## EXERCISE DETAILS
Exact reproduction of the listing is required. Pictures are not reproduced.

## INFORMATION PROVIDED
▬▬▬▬▬▬
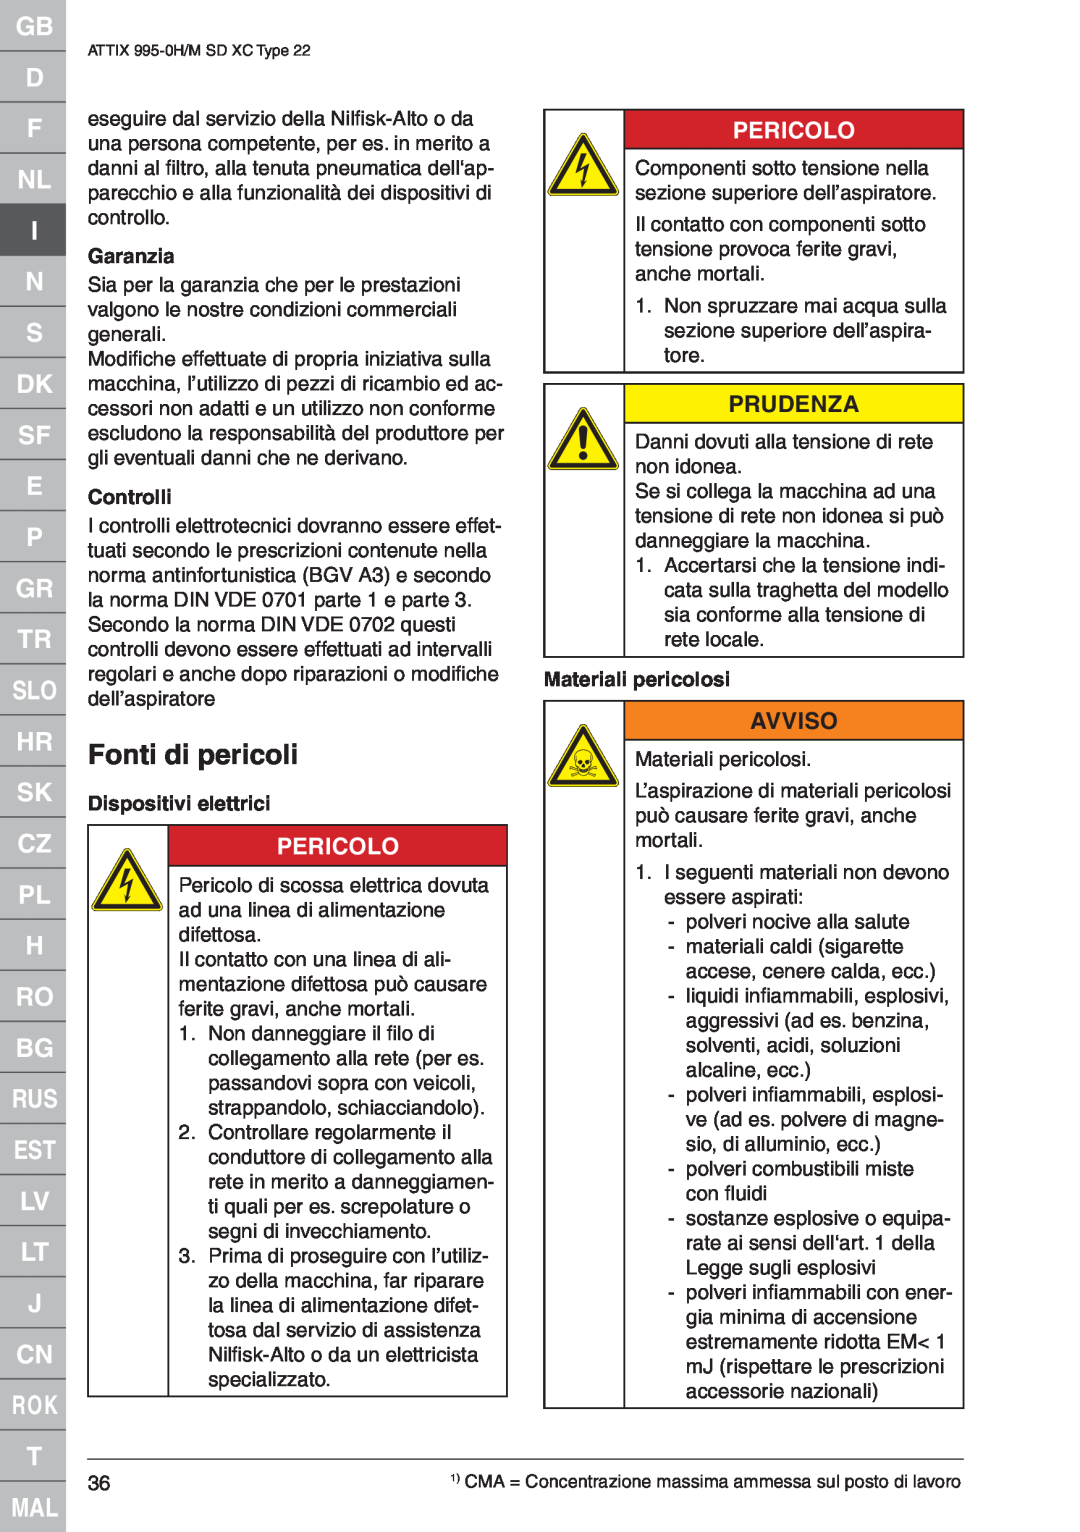 Nilfisk-ALTO ATTIX 995-0H quick start Fonti di pericoli, Garanzia, EControlli, Dispositivi elettrici, Materiali pericolosi 
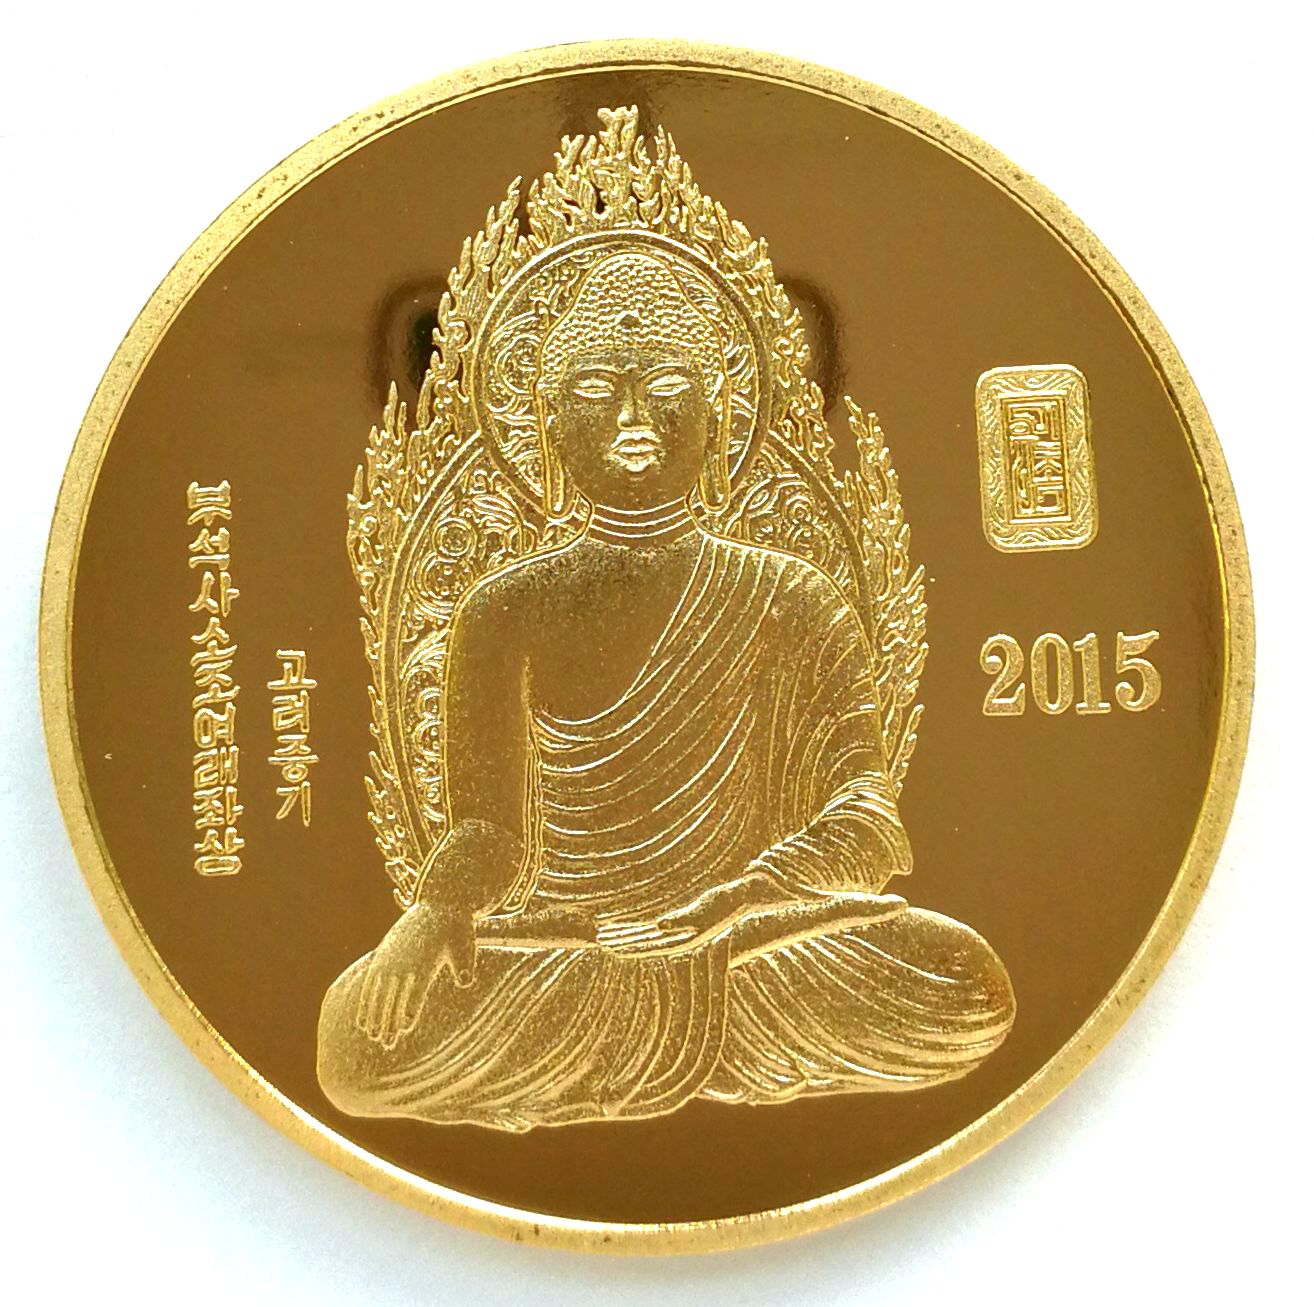 L3205, Korea Buddhism Brass Commemorative Coin, 2015
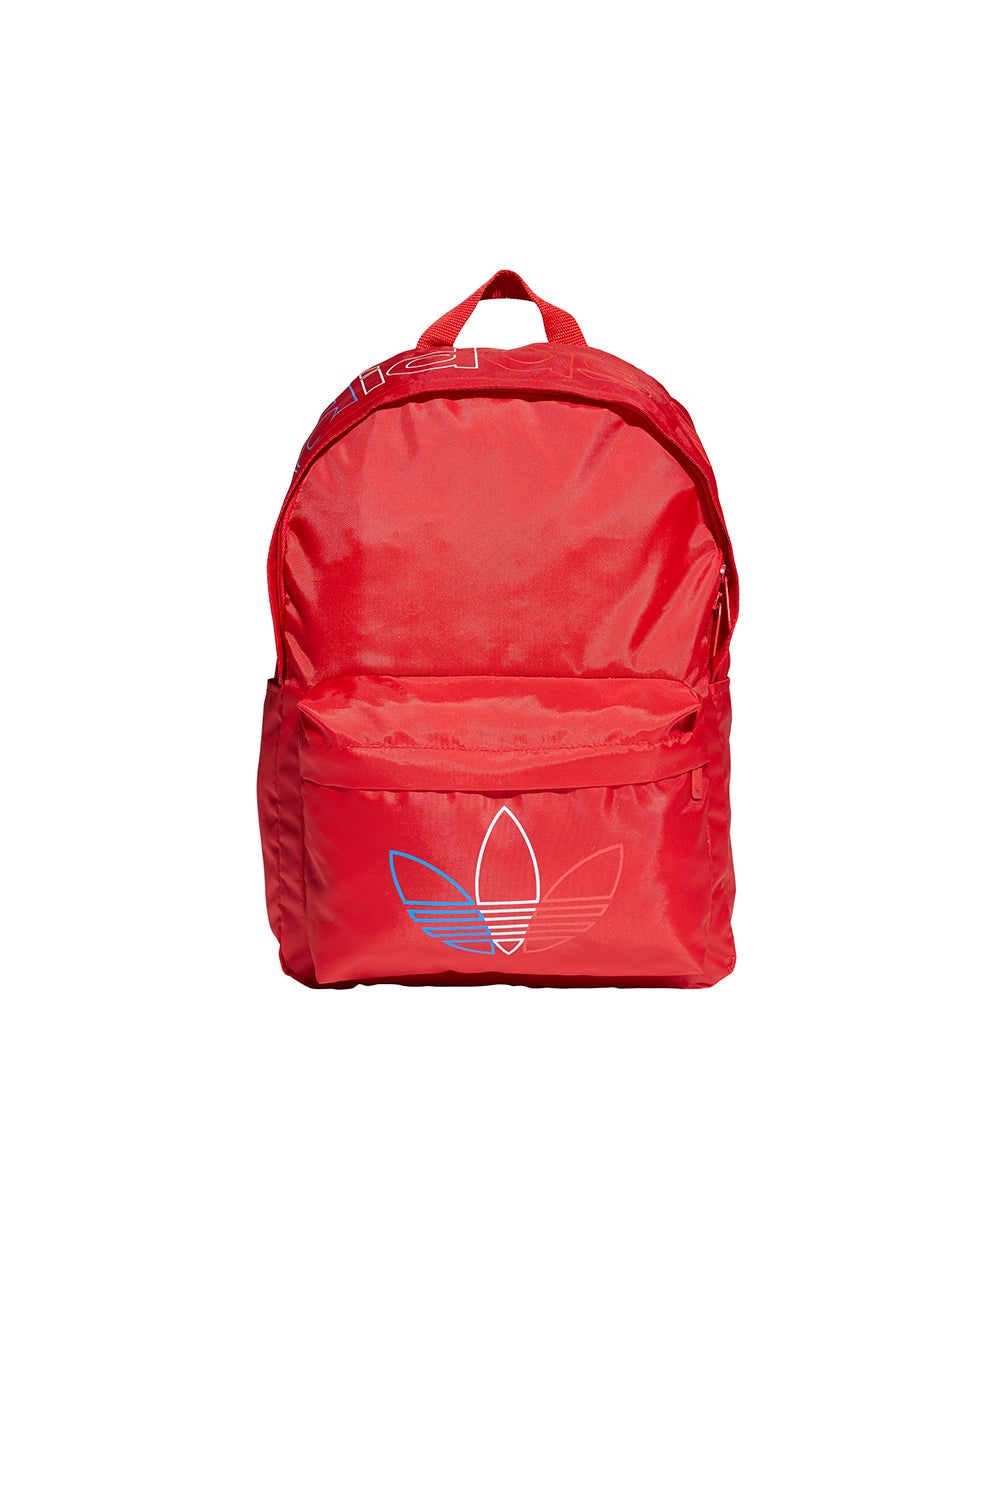 adidas Prime Blue Backpack Scarlet
▬▬▬▬▬▬
## YOUR SOLUTION
 Nilfisk-ALTO ATTIX 995-0H quick start Fonti di pericoli, Garanzia, EControlli, Dispositivi elettrici, Materiali pericolosi 
 L3205, Korea Buddhism Brass Commemorative Coin, 2015
 adidas Prime Blue Backpack Scarlet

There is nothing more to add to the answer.